I am quite new to this site, and this is only my second post so far but I just want to say how thankful I am to have found this site and the wonderful people on here. I was diagnosed with Stage 4 Endo and Adenomyosis in March this year and I have felt like I've been on an emotional rollercoaster since then. I am pleased to have a diagnosis and yet this hasn't brought the relief I was expecting after so many years of the tests coming back negative and the doctors telling me I'm fine.
Whilst I am pleased to know what is wrong with me I am disheartened by the treatments choices. I wanted to be able to tackle this with natural treatments, diet and lifestyle changes and was feeling so positive and that it would be achievable.
However, yesterday I contacted the hospital that did my Laparoscopy and was told that due to the extent of the endo and where it is located they were not able to do any removal at the time of the procedure.

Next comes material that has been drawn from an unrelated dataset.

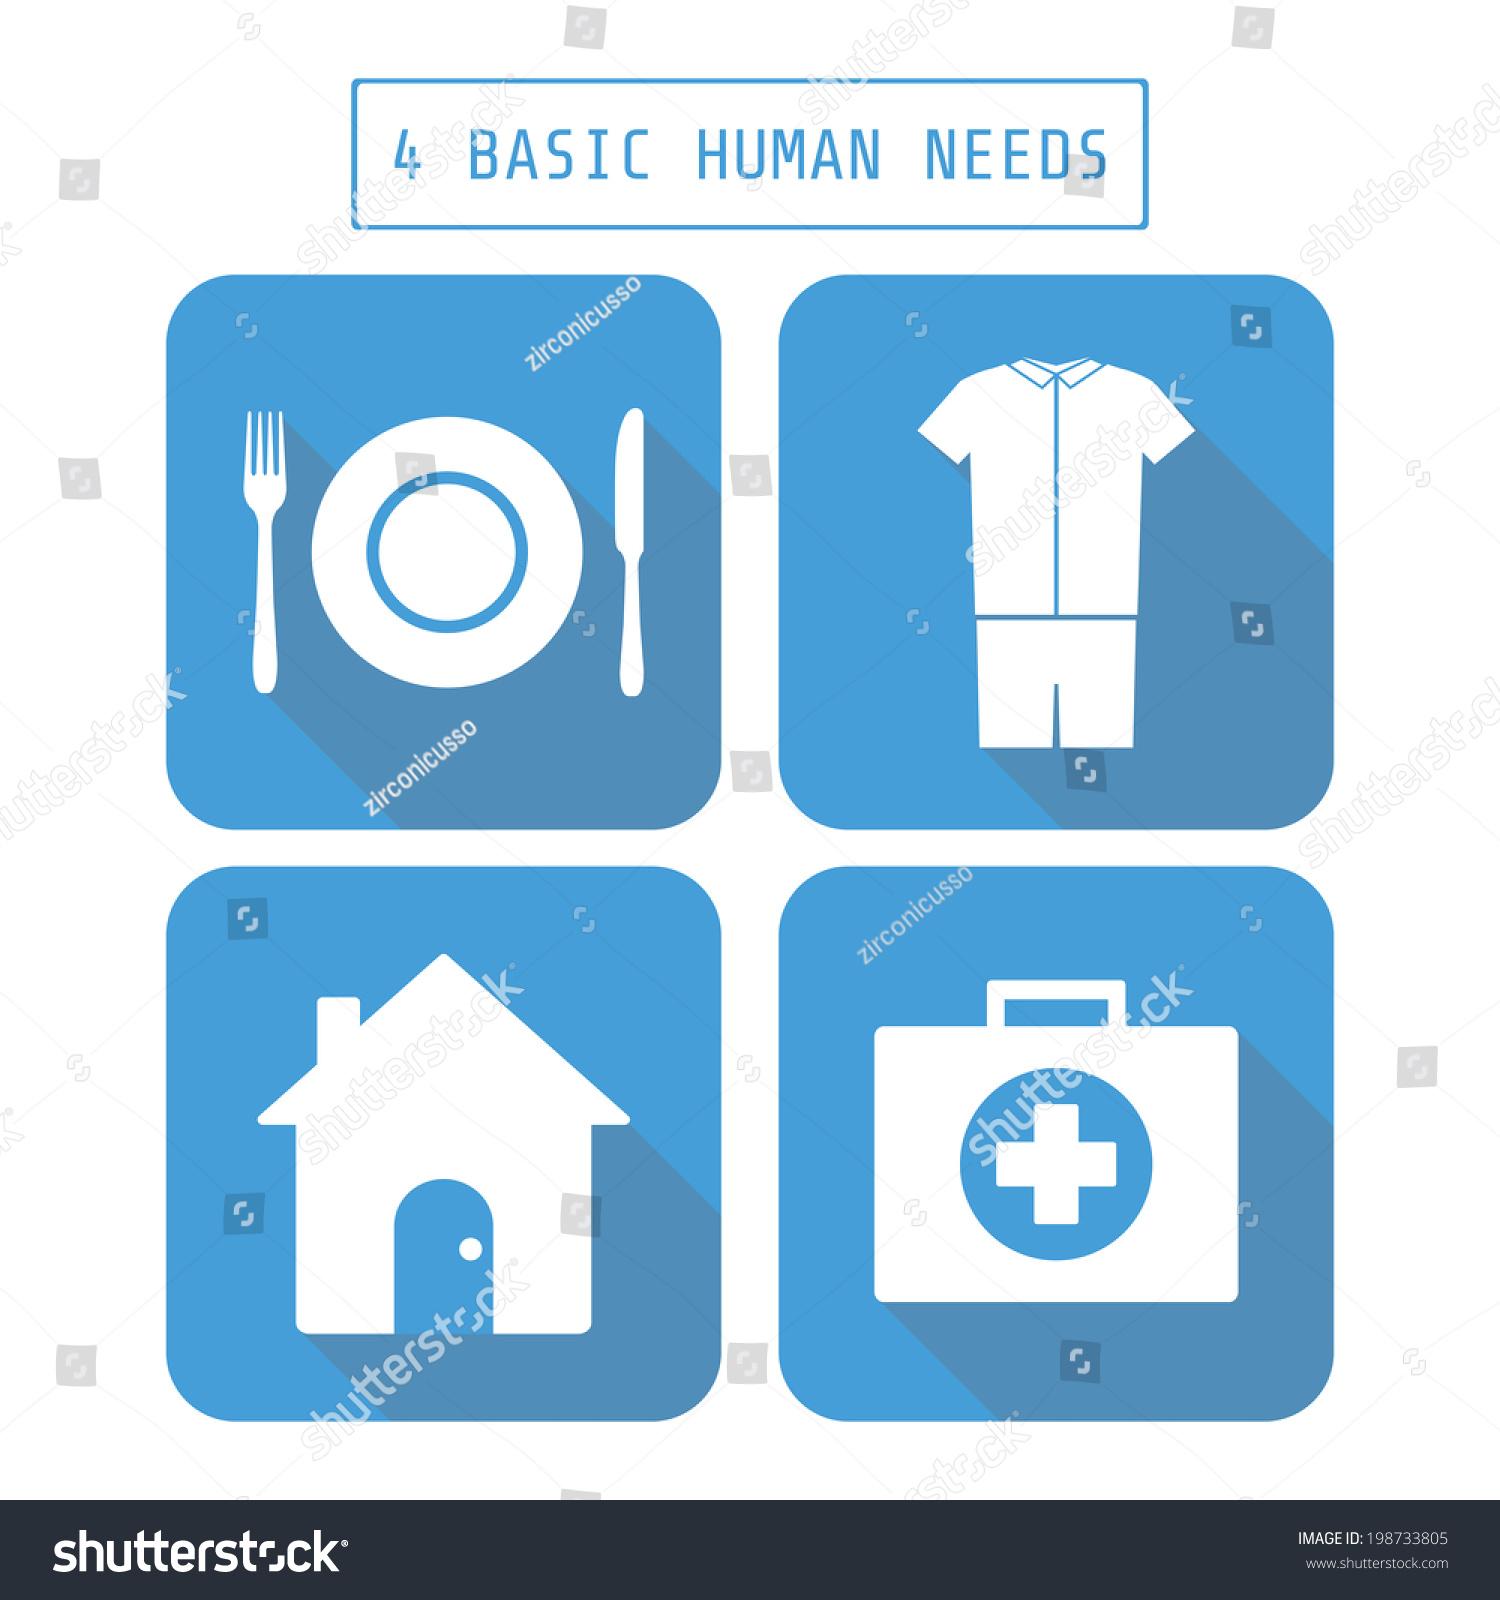 Icon Four Basic Human Needs Flat Stock Vector

I do have an appointment at a BSGE centre on 20th June to discuss my options, I'm just worried it will be the very things that I don't want to hear!

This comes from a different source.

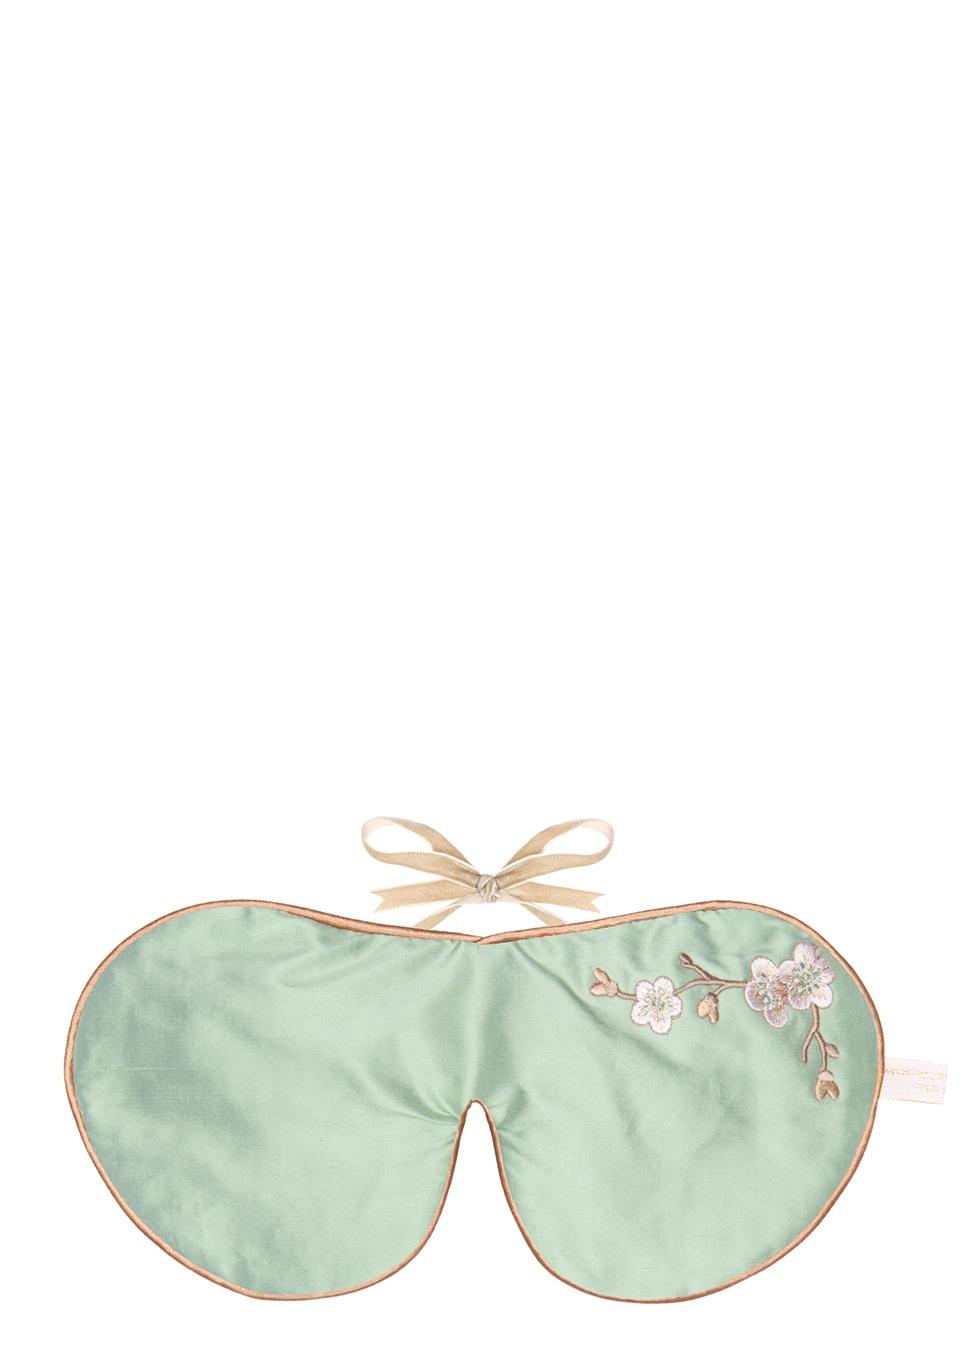 Classic Lavender Eye Mask - Jade

I have found over the last few months that my emotions are all over the place! One minute I am fine, the next I want to cry. I do have very supportive family and friends but I still feel very alone with this. I have read through many post on here and I whilst it is sad that so many others are feeling the same pain and emotional struggles that I am, it is also comforting to read the posts on here from others as it makes me realise that I am not alone and I can reach out if I need to. So thank you to you all, it really does help.